そのトロデの言葉に、ヤンガスが同意するということは、彼は見た目で何か判断されたことがあるのだろう。彼の場合も無理はないと言える。かなりの強面だからだ。
「ときにエイリュート。マスター・ライラスじゃが、見つけることができたかの?」
「それが・・・」
「実は、マスター・ライラスは火事で亡くなってたでげすよ」
「な・・・なんと!! すでに亡くなっていたじゃとっ!? むむむむむ・・・」
言葉に詰まったエイリュートに代わり、ヤンガスが告げると、トロデは愕然とした。
「ふむ、亡くなってしまったものは、仕方がないの・・・。もともと我らが追っているのは、わしと姫をこのような姿に変えた憎きドルマゲスじゃ! マスター・ライラスに聞けばヤツのことが何かわかるやも知れぬとそう思ったのじゃが・・・やはりドルマゲスの行方は、わしらが自力で探すしかないようじゃな」
あてにしていた人物が、すでにこの世にいなかったのだ。残念といえば残念だが、いた仕方ない。
「では行くとするか。ライラスがいない今、こんな町に長居は無用じゃ!」
「お待ちください!」
出発しようとしたエイリュートたち一行に、背後から声がかかった。振り返ってみれば、まだ年若い少女が立っていた。
「お待ちください・・・。じつは、あなた方にお願いがあって、こうして駆けつけてきました」
「お嬢さん、あんた、このわしを見てもこわくないのかね?」
「夢を見ました・・・。人でも魔物でもない者が、やがてこの町を訪れる・・・。その者がそなたの願いを叶えるであろう・・・と」
「人でも魔物でもない? それはわしのことか?」
「あっ、ごめんなさい」
娘の言葉に、トロデ王はショックを受け、傍らのヤンガスは可笑しそうに笑っている。
「まあ、よいわ。見れば我が娘ミーティアと同じような年頃。そなた、わしらのことを夢に見たと申すか? よくわからぬ話しじゃが・・・」
「あっ、申し遅れました。私は占い師ルイネロの娘のユリマです」
「占い師・・・って、さっきの人かな?」
「そうでげすね」
エイリュートがヤンガスを見下ろすと、ヤンガスもエイリュートに視線を向け、うなずいた。
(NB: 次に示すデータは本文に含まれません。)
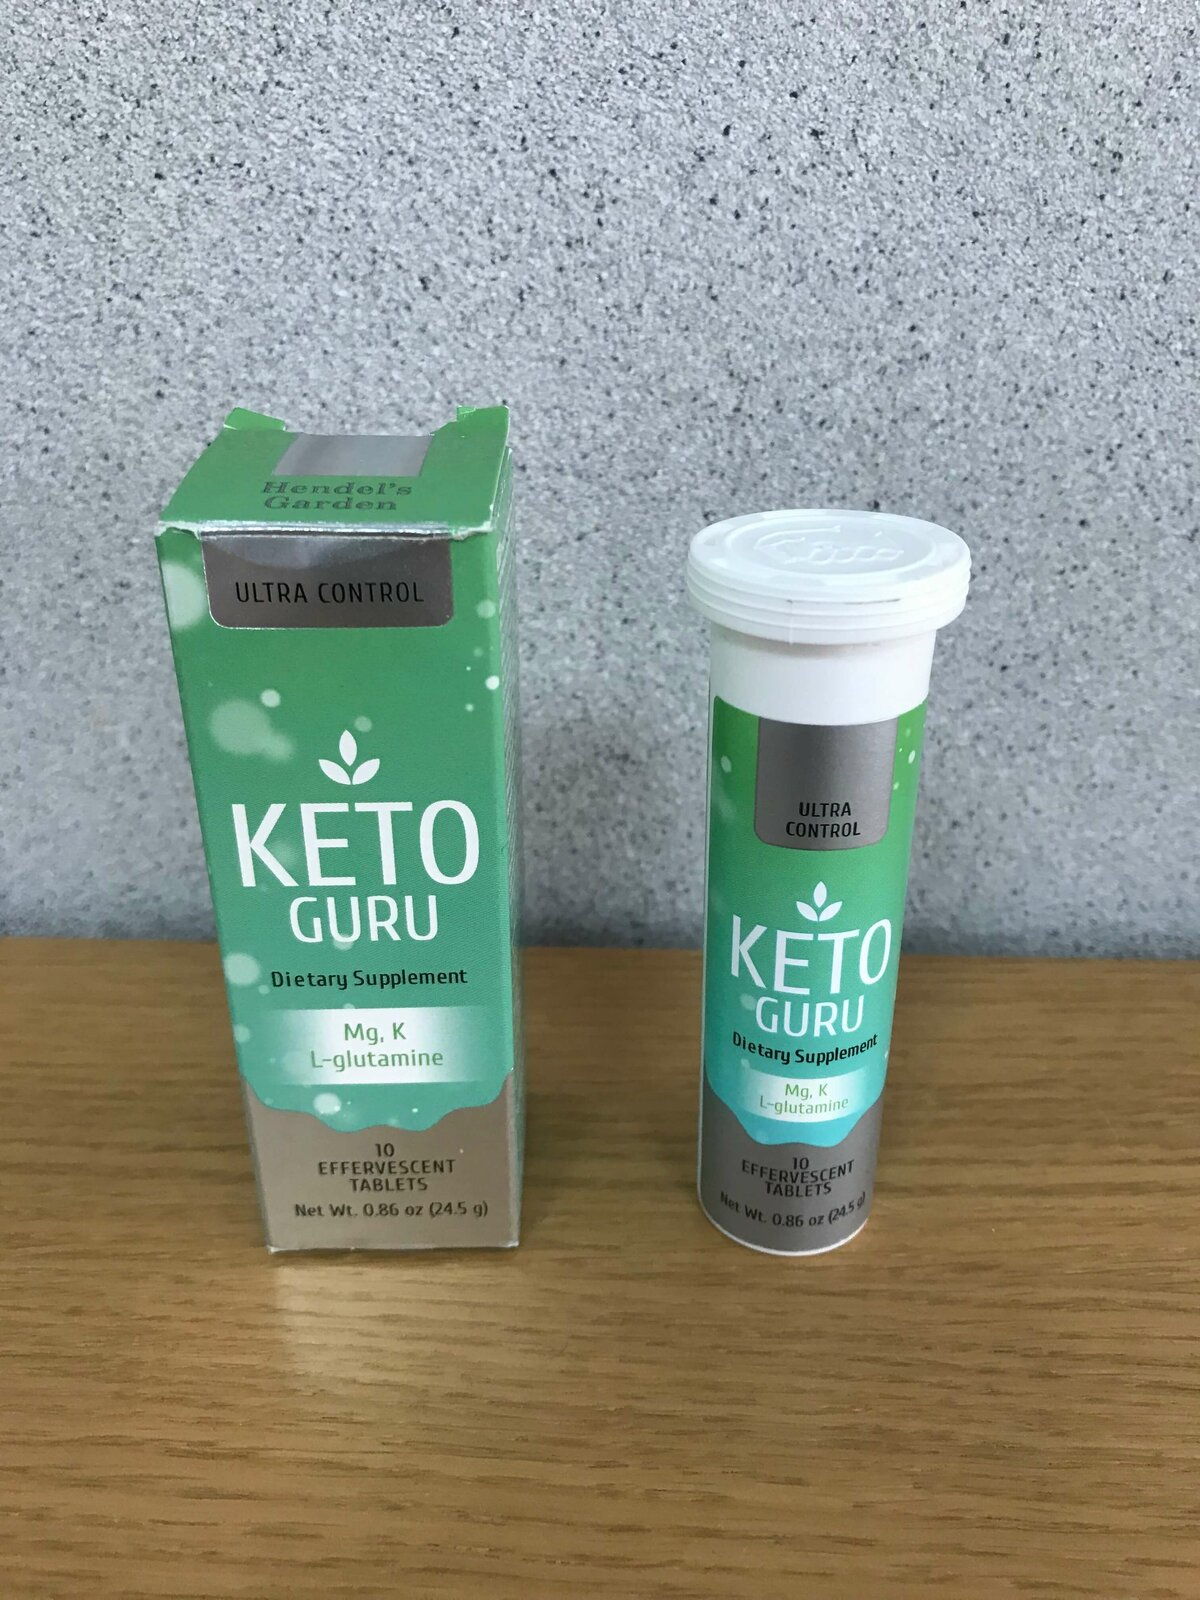 Keto Guru шипучие таблетки для похудения в Находке

「どうか私の家に来てくれませんか? 詳しい話は、そこで。町の奥の、井戸の前が私の家です。待ってますから、きっと来てくださいね!」
「え・・・あ、ちょ・・・」
エイリュートが声をかけるより早く、ユリマはさっさと町の中に入って行ってしまった。
「なんでげすかい、あの娘っ子は? “井戸の前の家が、私の家です”って・・・」
「えらぁい!!!」
不服そうにつぶやいたヤンガスの言葉を遮るようにして、トロデ王が叫んだ。
「このわしを、見ても怖がらぬとは、さすが我が娘ミーティアと同じ年頃じゃ! ここは一つ、あの娘のために一肌脱いでやろうではないか!」
「・・・おっさん、その理由付けはどうかと」
「よし! エイリュート! 町の奥の井戸の前の家じゃったな。お前、行って話を聞いてまいれ」
「トロデ王は、どうなさいますか?」
「わしと姫はここで待っておるよ。また騒がれてもやっかいでな」
半ば強引に決めてしまった主に、エイリュートは何も言えず、ヤンガスを伴い、再びトラペッタの町へと入っていったのだった。